As argued by Hardt, Price, and Srebro (2016), if deployed in reality, such a notion may cause more negative effects than positive ones in some cases. An example they give is connected with credit landing, where Y = 1 means that an individual (X, S) is able to pay back the loan and f(Z) = 1 means the bank approves the credit. In case when the paying abilities of two groups are drastically different, providing equal chances of getting a credit without looking at the paying ability Y sets less privileged individuals to the path of default. To circumvent the above issue Hardt, Price, and Srebro (2016) proposed the following two definitions.
Definition 2.1.5 (Equalized Odds). A classifier f : Z → {0, 1} achieves Equalized Odds with respect to the distribution P of (X, S, Y ) if P(f(Z) = 1 | S = 0, Y = y) = P(f(Z) = 1 | S = 1, Y = y), ∀ y ∈ {0, 1}.
This fairness notion asks for the prediction f : Z → {0, 1} to equalize True Positive and True Negative rates across both groups. One immediately sees that this definition can be expressed in a more general form as (f(Z) ⊥⊥ S) | Y. (EOdd)
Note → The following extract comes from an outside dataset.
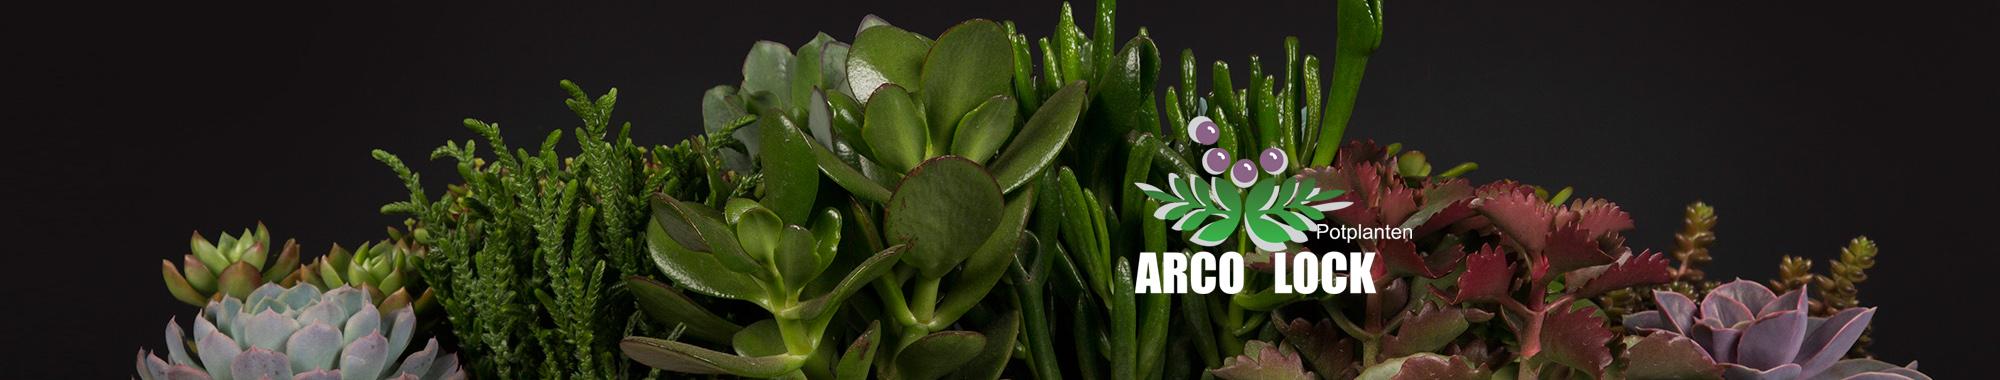 Arco Lock Potplanten

It means that, given the true label of an individual, knowing the value of the sensitive attribute does not bring any information on the distribution of the prediction. Typically, the equalization of True Negatives is not necessary in practice, since f (Z ) = 1 is interpreted as a positive decision and it can be natural to focus on such decisions. In this way we arrive at the definition of Equal Opportunity.
Definition 2.1.6 (Equal Opportunity). A classifier f : Z → {0, 1} achieves Equal Opportu-nity with respect to the distribution P of (X, S, Y ) if P(f(Z) = 1 | S = 0, Y = 1) = P(f(Z) = 1 | S = 1, Y = 1).
Equal Opportunity is less constraining than Equalized Odds as it just asks for the True Positive rates to be the same across all groups. In the credit landing example, Equal Opportunity means that among the clients who are able to pay back their loan, the proportion of attributed loans across groups should be the same. It is easy to see that this definition is equivalent to the more general conditional independence constraint (f(Z) ⊥⊥ S) | Y = 1. (EOpp)
Note, however, that the extension of this notion to the regression setting is not obvious at all. That is because the definition of Equal Opportunity relies on the fact that Y = 1 can be interpreted as a positive decision (e.g., attribute a loan) and there is no immediate equivalent of a « positive decision » in the regression setting. It is still an open question to find a transposition of the notion of Equal Opportunity outside of the classification setting.
All the fairness definitions introduced up until now are expressed as the conditional probability of a positive prediction f(Z) = 1 given the value sensitive attribute S and eventually the true label Y . Unlike the previous definitions, the next one deals with conditional probabilities w.r.t. to the event of a positive prediction (f(Z) = 1).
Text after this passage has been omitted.